--- WHAT TO PRODUCE ---
Write the listing out again word for word, leaving each picture behind.

--- THE DATA ---
>>
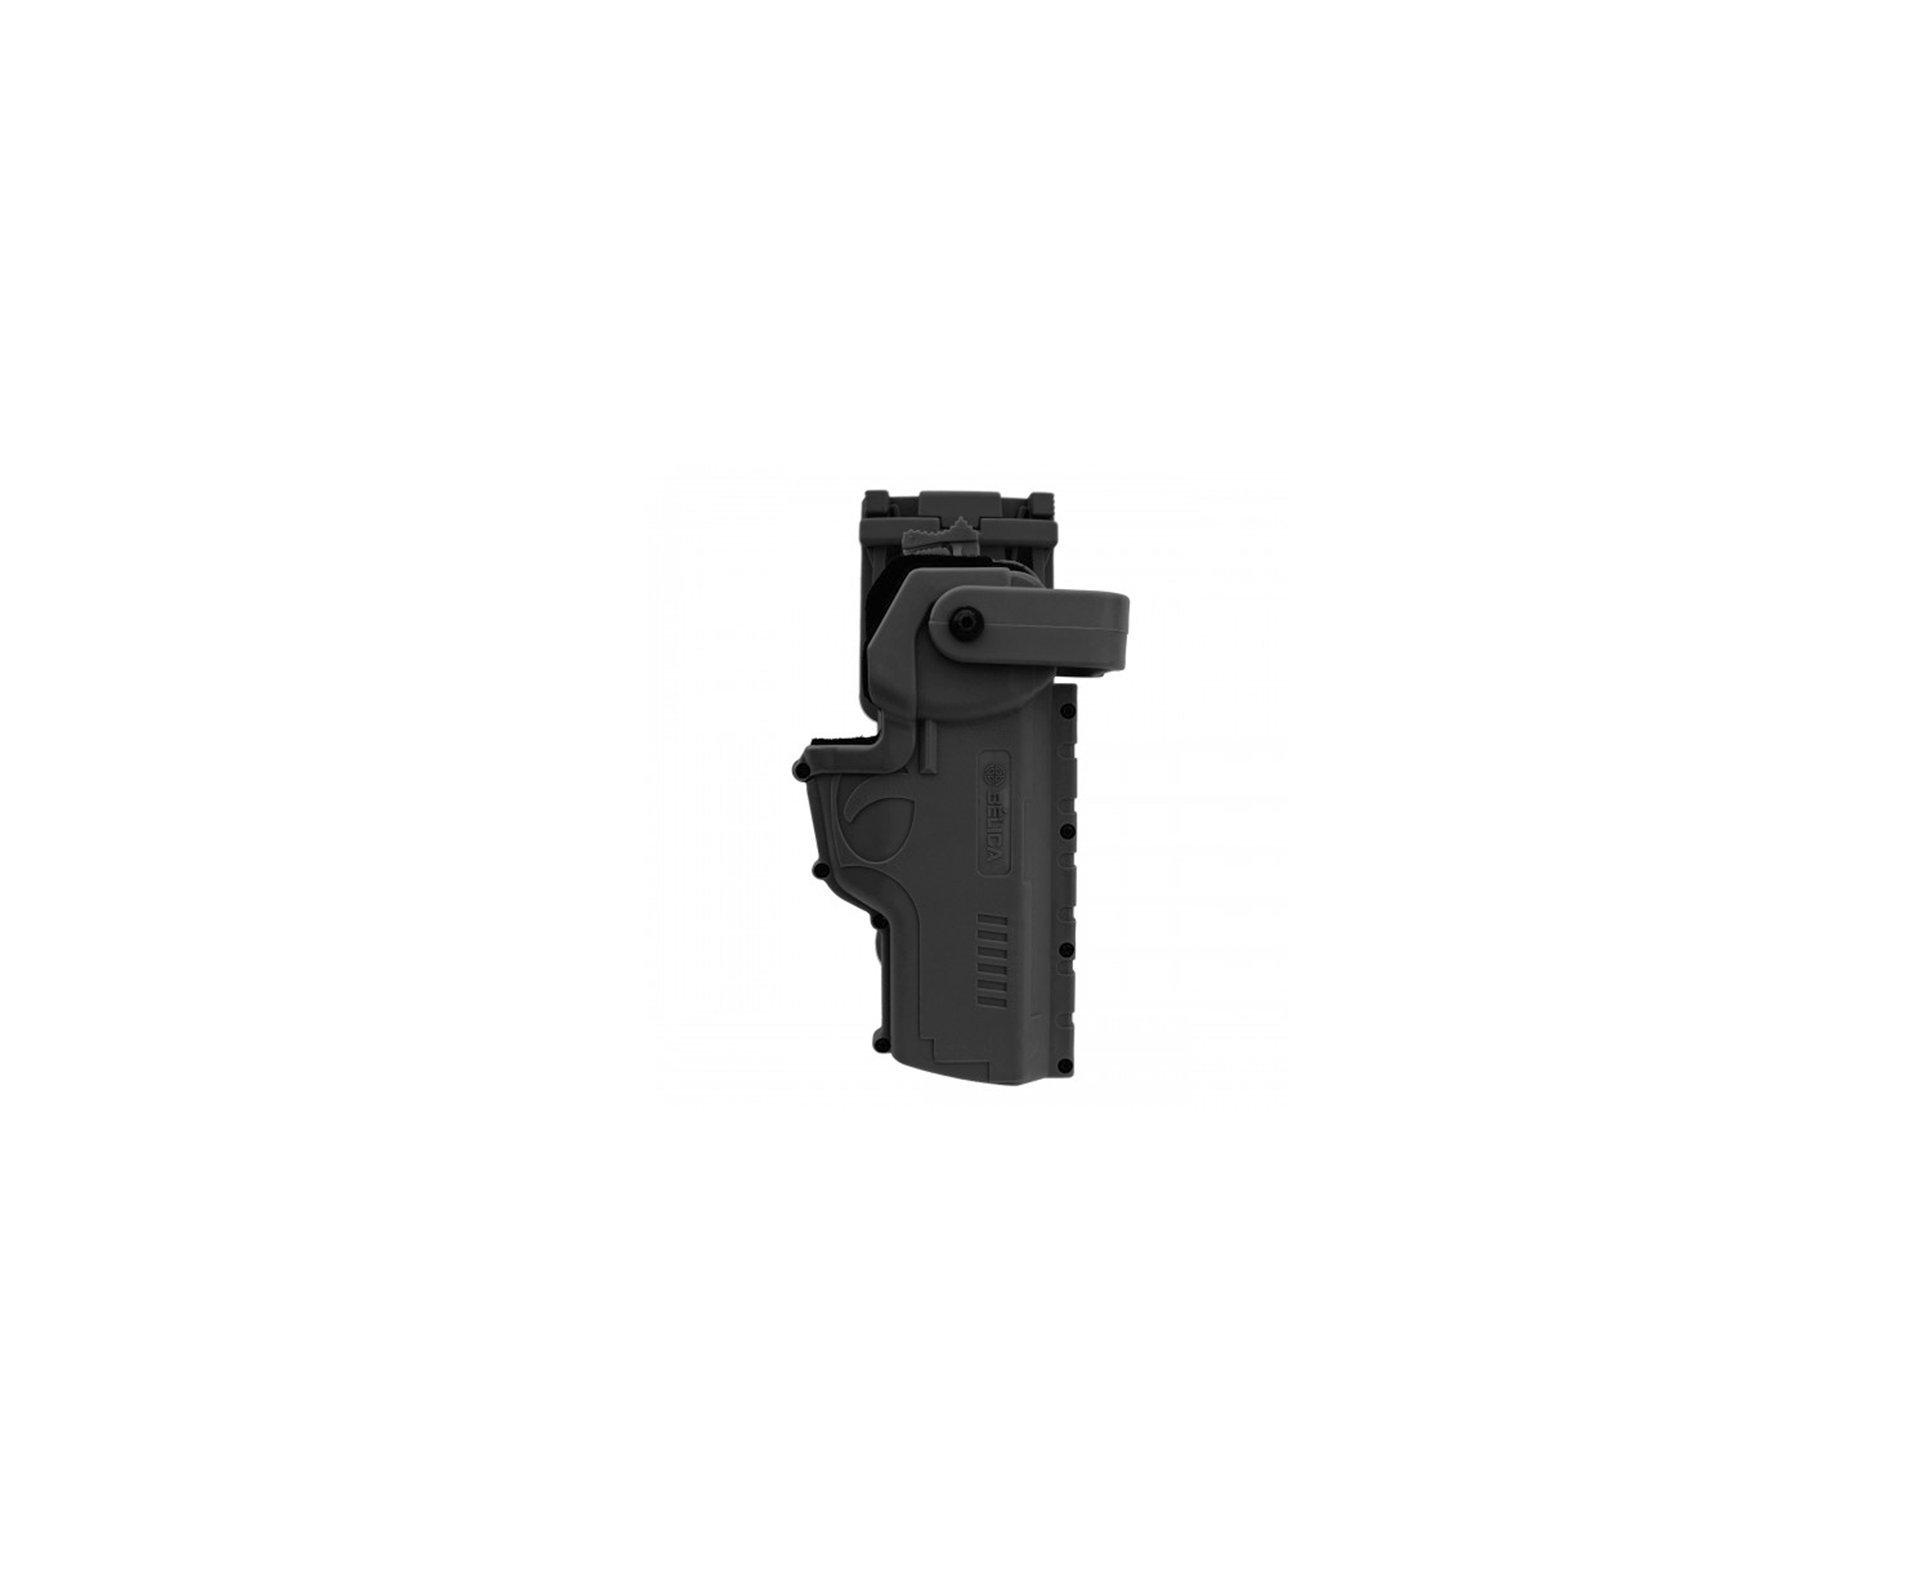 Coldre Hammer I Taurus, Glock, Imbel Destro - Belica
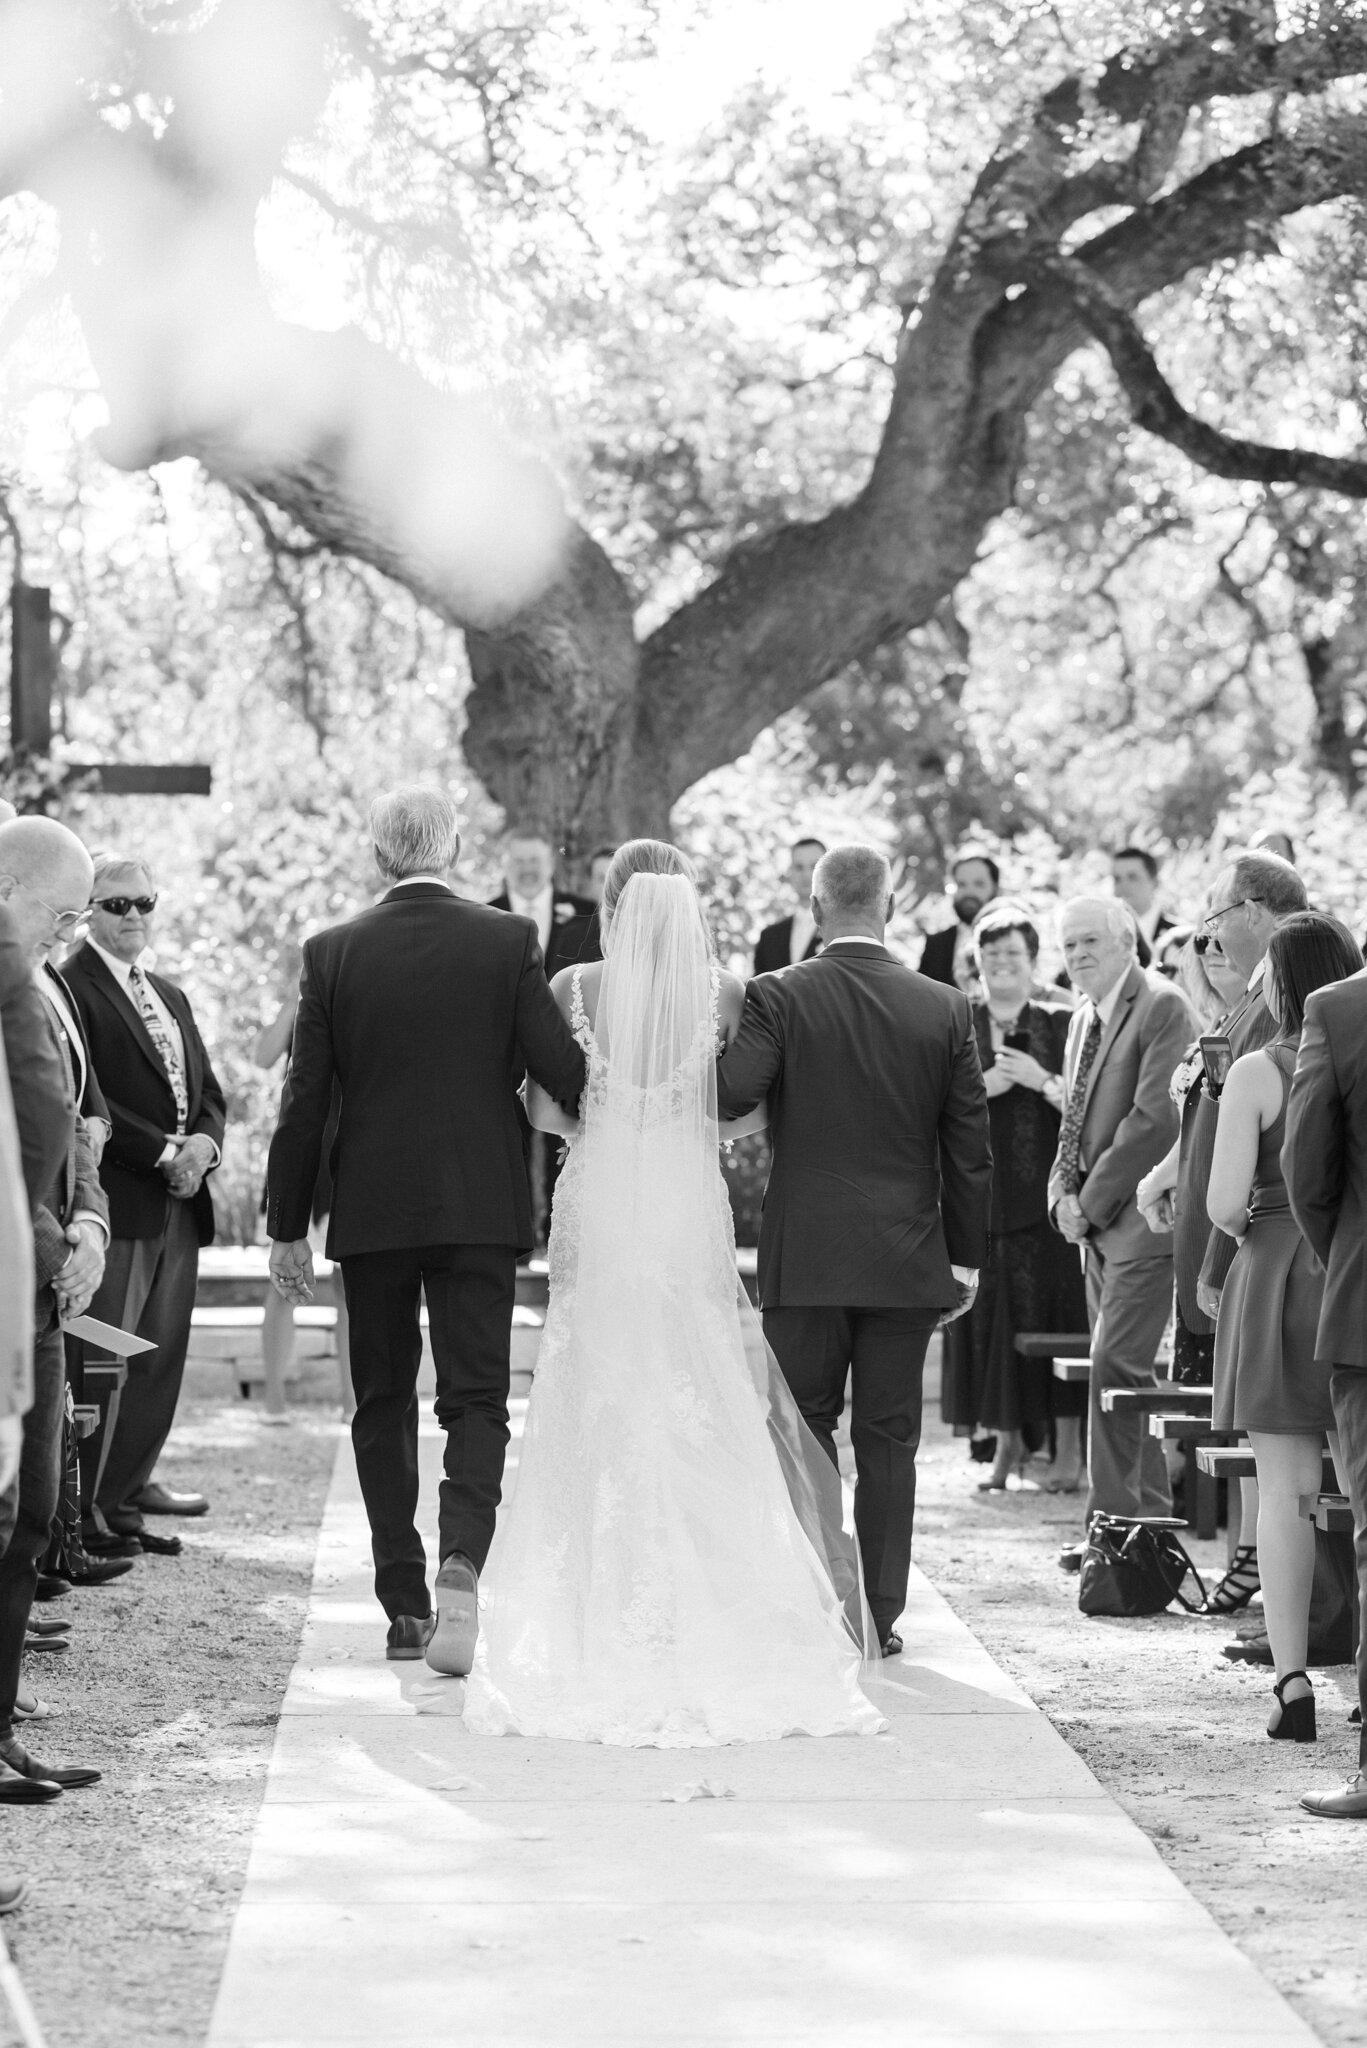 San Antonio Austin Boerne New Braunfels Spring Branch Texas Wedding Engagement Photographer Photography Hill Country Texas Park 31 Wedding Summer Wedding Pink Navy Gold Elegant Chic Wedding San Antonio Austin Texas photographer 43
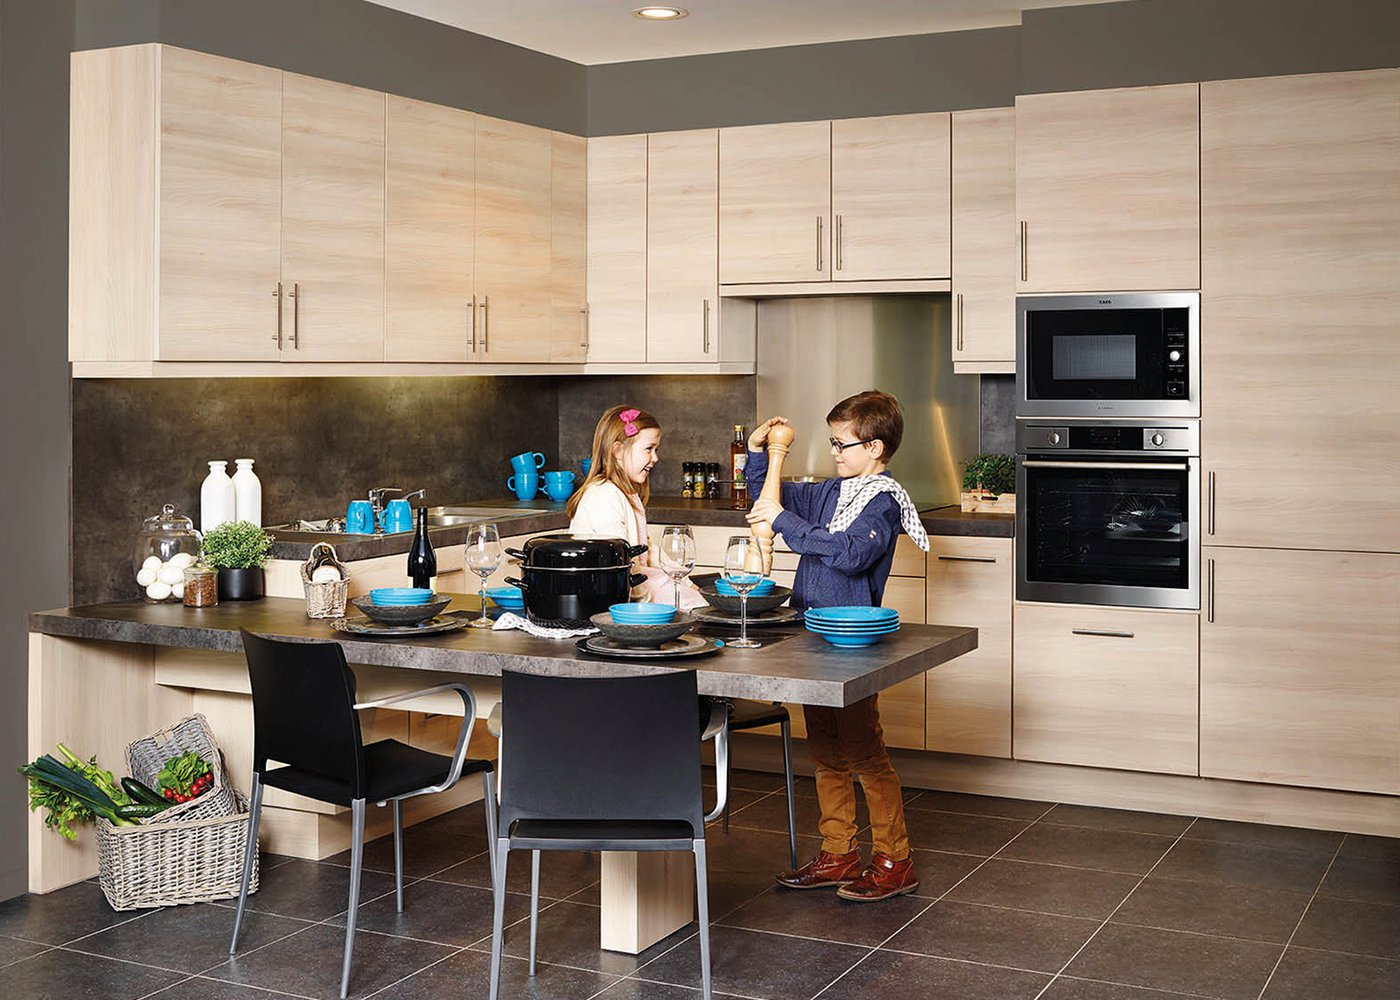 Moderne keuken volledig in laminaat - Model Toronto
<<
--- REPLY TO THE EXERCISE ---
 Coldre Hammer I Taurus, Glock, Imbel Destro - Belica
 San Antonio Austin Boerne New Braunfels Spring Branch Texas Wedding Engagement Photographer Photography Hill Country Texas Park 31 Wedding Summer Wedding Pink Navy Gold Elegant Chic Wedding San Antonio Austin Texas photographer 43
 Moderne keuken volledig in laminaat - Model Toronto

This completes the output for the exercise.